Clinical features in various causes of pancytopenia

Patients with pancytopenia presented with a variety of different clinical features, but some common features were identified. Progressive pallor was the most common clinical feature and it was found in almost every case. Generalized weakness, fever with or without chills, and dyspnea were the other common presenting features. Bleeding manifestations like epistaxis, gum bleeding, and petechial rash were common in the hypoplastic/aplastic anemia group. Hepatomegaly (14%) and splenomegaly (22%) were the other common clinical findings.

Peripheral blood findings

Anisocytosis of varying severity was the commonest morphologic type (58%) followed by normocytic normochromic (34%) and dimorphic picture (8%) in the decreasing order of frequency. Normocytic normochromic anemia was the common finding in all other causes of pancytopenia except for megaloblastic anemia and myelofibrosis where anisocytosis was common. In myelofibrosis, peripheral blood smear was showing characteristic tear drop red cells. Hypersegmented polymorphs were the commonest peripheral blood finding in megaloblastic anemia.
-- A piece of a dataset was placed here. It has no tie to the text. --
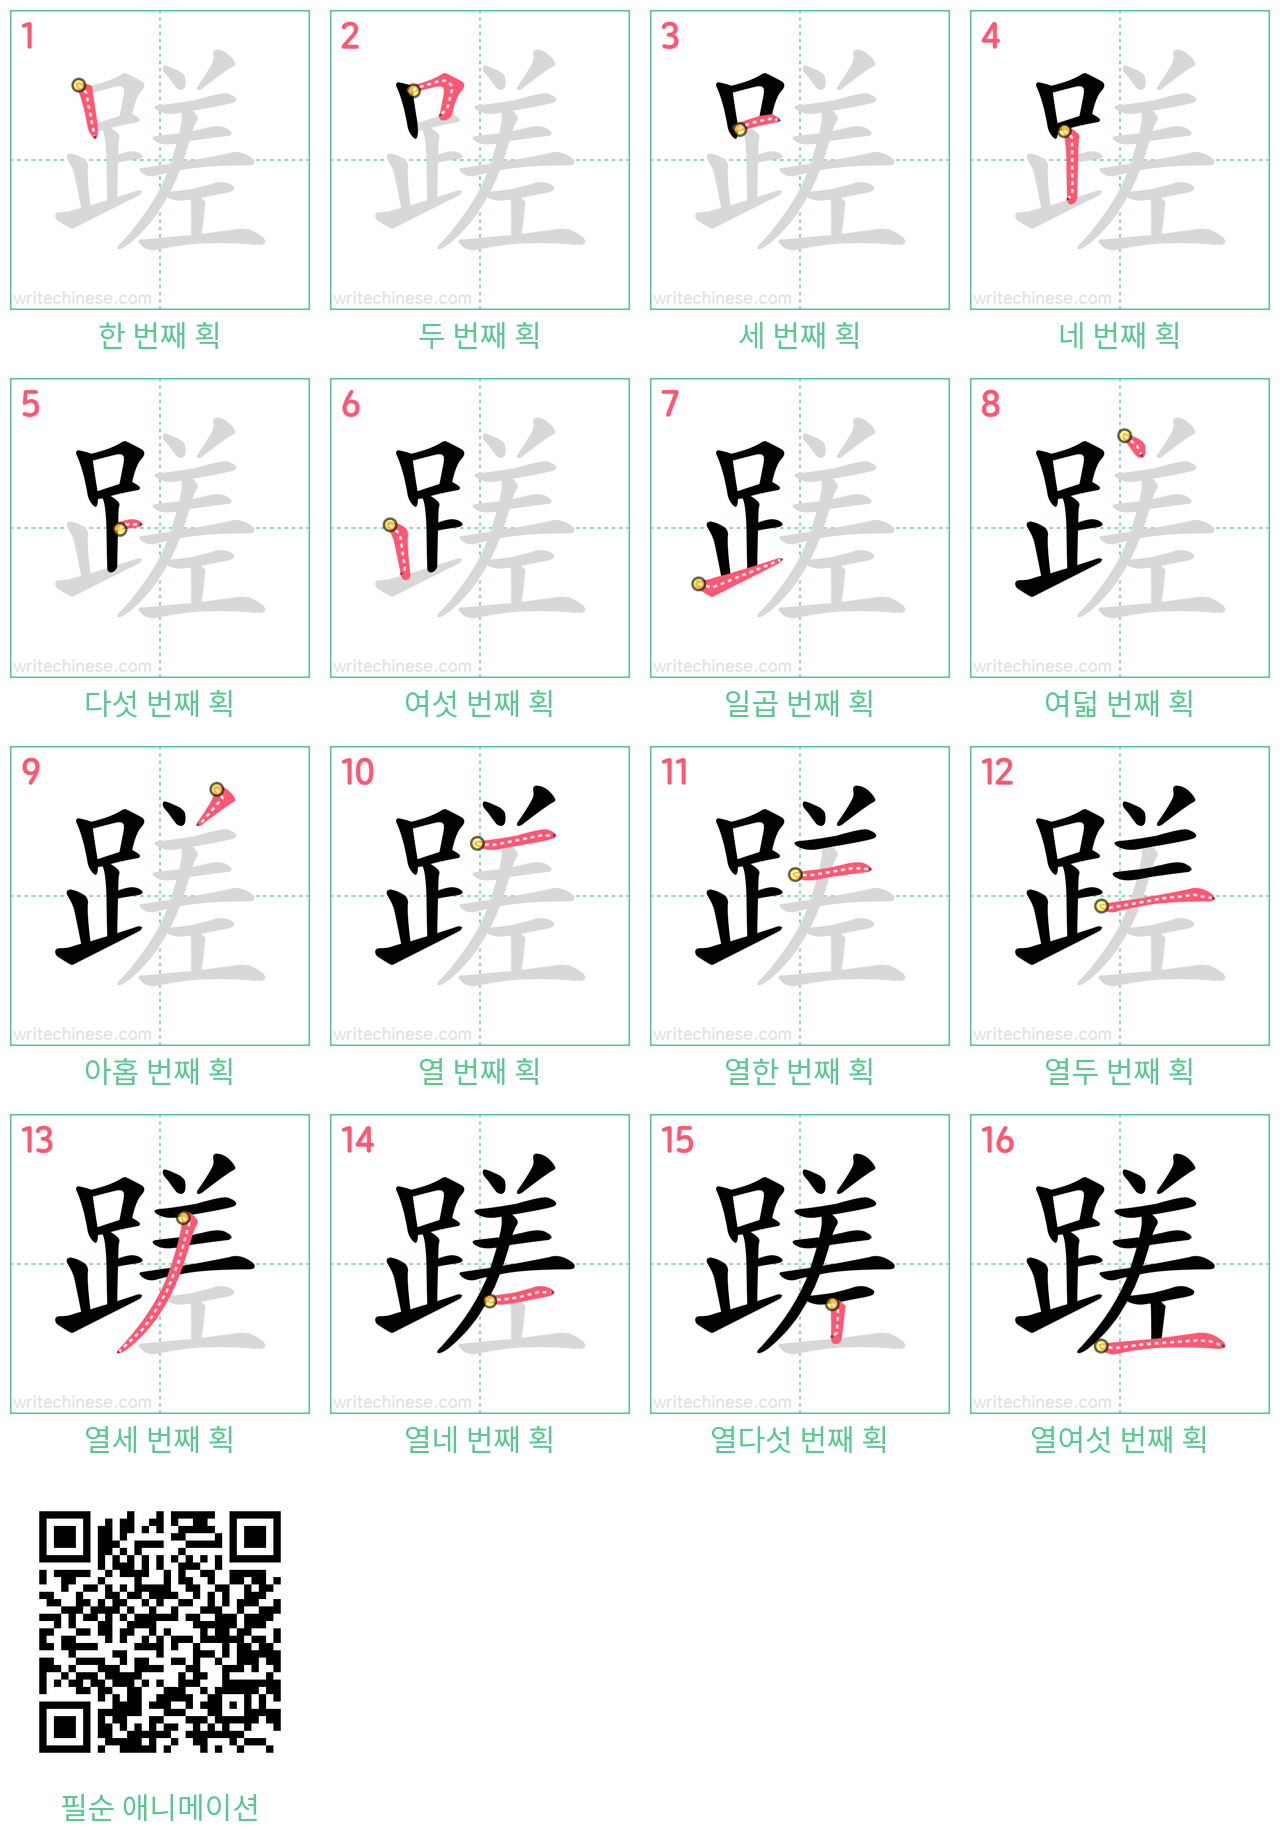 蹉 step-by-step stroke order diagrams

Hb level distribution in various causes of pancytopenia

The Hb levels of patients in our study ranged from 2 to 9 g/dl. Of the 50 cases, 19 cases (38%) had Hb levels between 3 and 5 g/dl, suggesting severe degree of anemia at the time of presentation as pancytopenia. Hb levels were more severely reduced in the hypoplastic/aplastic anemia group.

Platelet count distribution in various cases of pancytopenia

The platelet counts of patients in our study ranged from 10,000/mm 3 to 1.26 lakh/mm 3 . Majority, i.e. 23 cases (46%), had platelet counts between 50,000/mm 3 and 1 lakh/mm 3 . Also, 8% of the patients had platelet counts below 20,000/mm 3 and all these patients were from hypoplastic/aplastic anemia group.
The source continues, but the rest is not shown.